• [DESCRIPTION OF THE TASK]
Repeat word for word the lines from the one containing "Piscina Olímpica CA Montemar" to the end of the material below, and leave all pictures out.

• [DATASET EXCERPT]
-.-.-

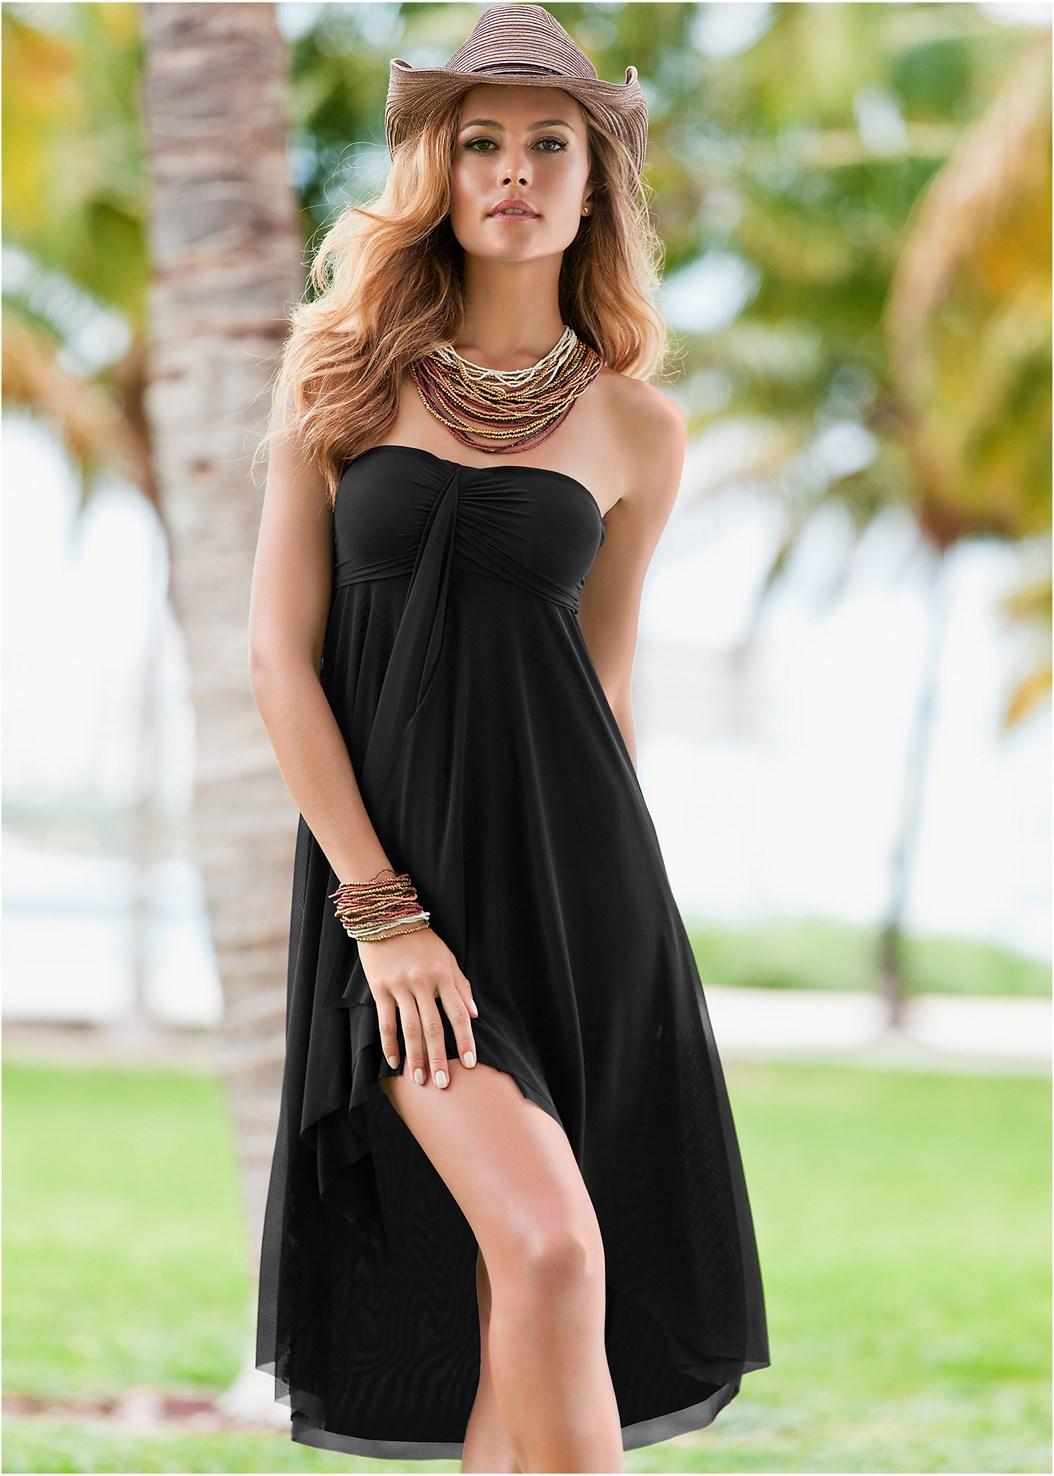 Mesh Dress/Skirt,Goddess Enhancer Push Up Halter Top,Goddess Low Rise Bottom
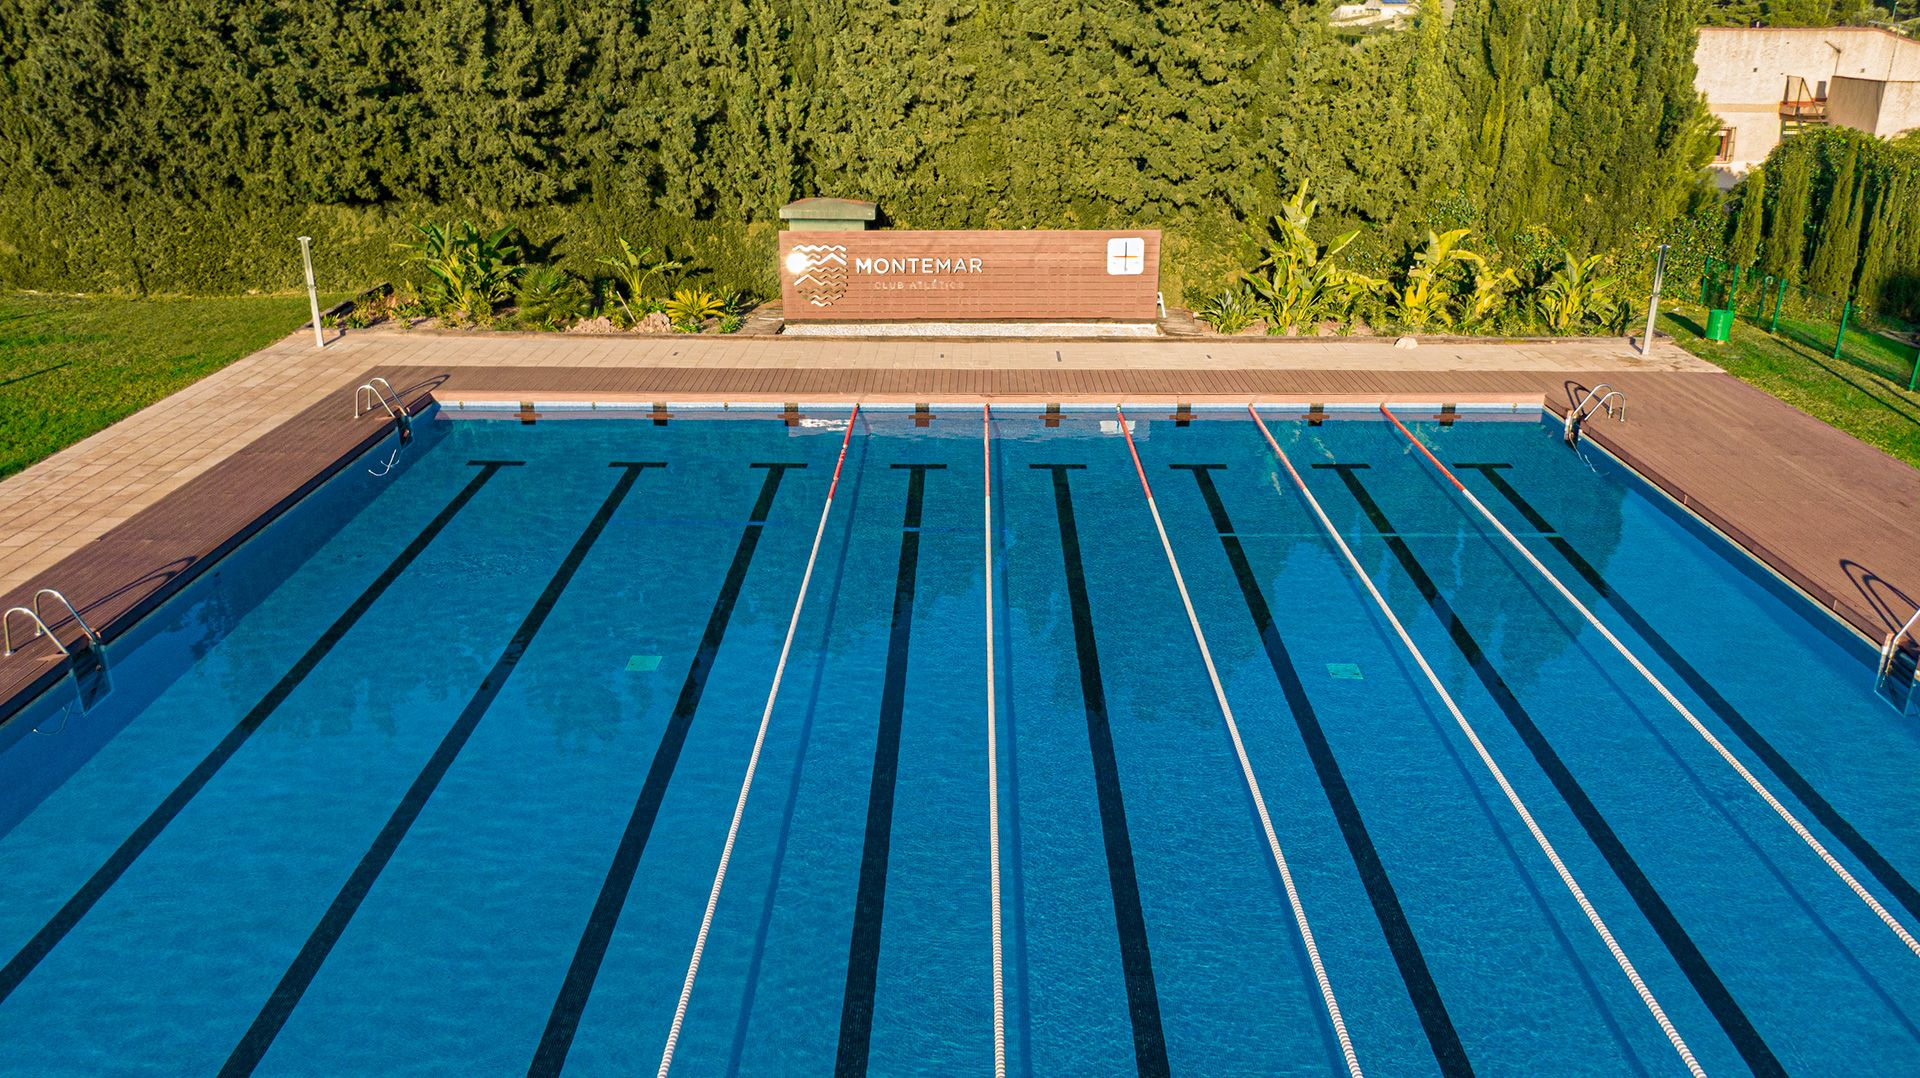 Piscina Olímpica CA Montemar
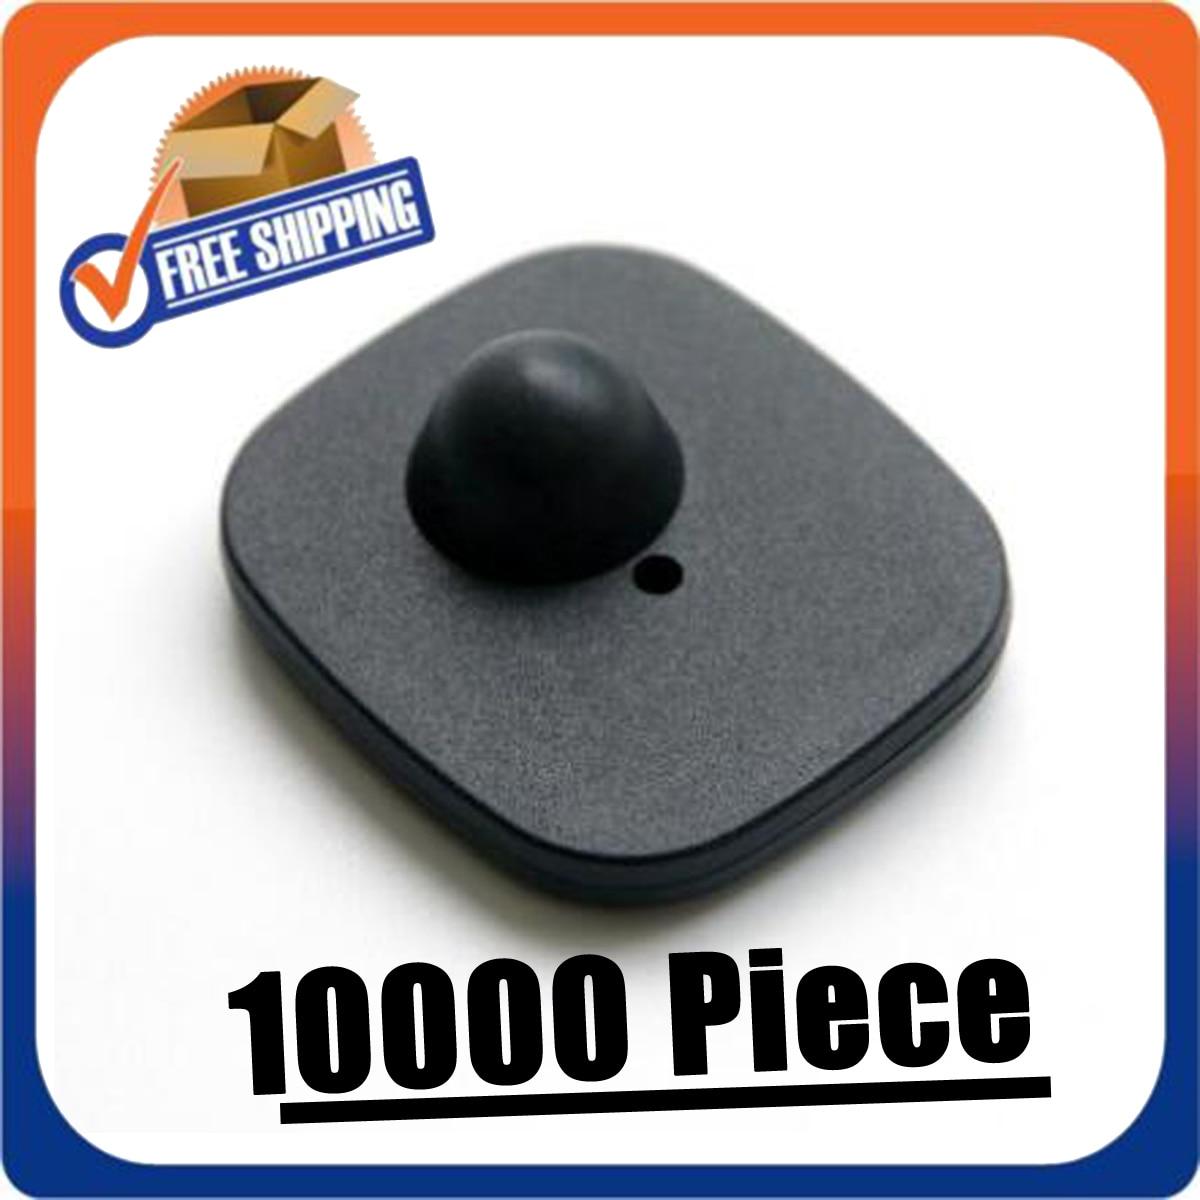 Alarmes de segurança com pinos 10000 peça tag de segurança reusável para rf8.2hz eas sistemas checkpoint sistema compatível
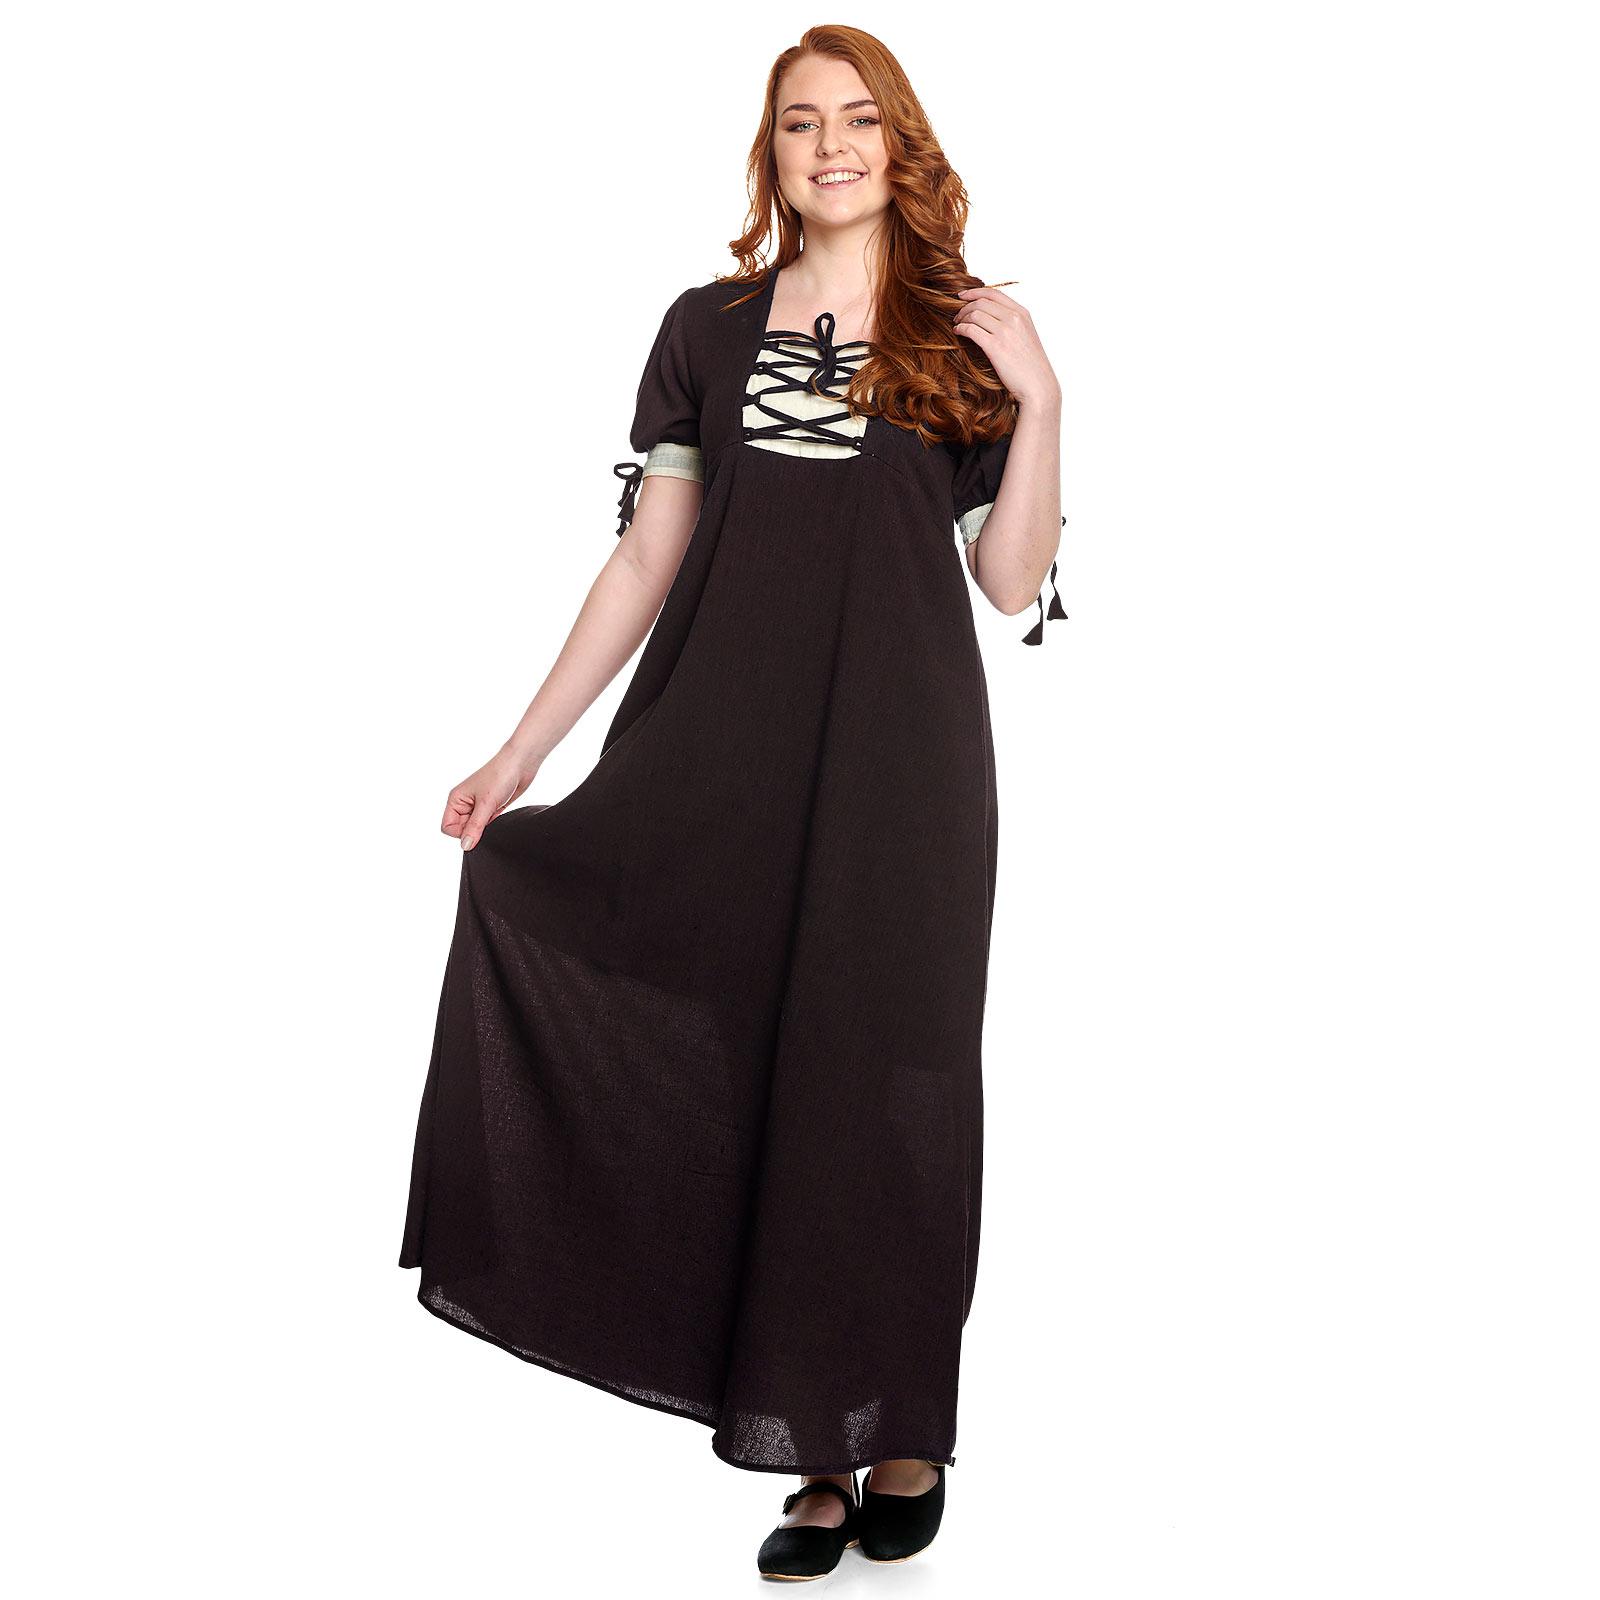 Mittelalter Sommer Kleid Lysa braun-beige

-.-.-

• [WRITTEN SOLUTION]
 Piscina Olímpica CA Montemar
 Alarmes de segurança com pinos 10000 peça tag de segurança reusável para rf8.2hz eas sistemas checkpoint sistema compatível
 Mittelalter Sommer Kleid Lysa braun-beige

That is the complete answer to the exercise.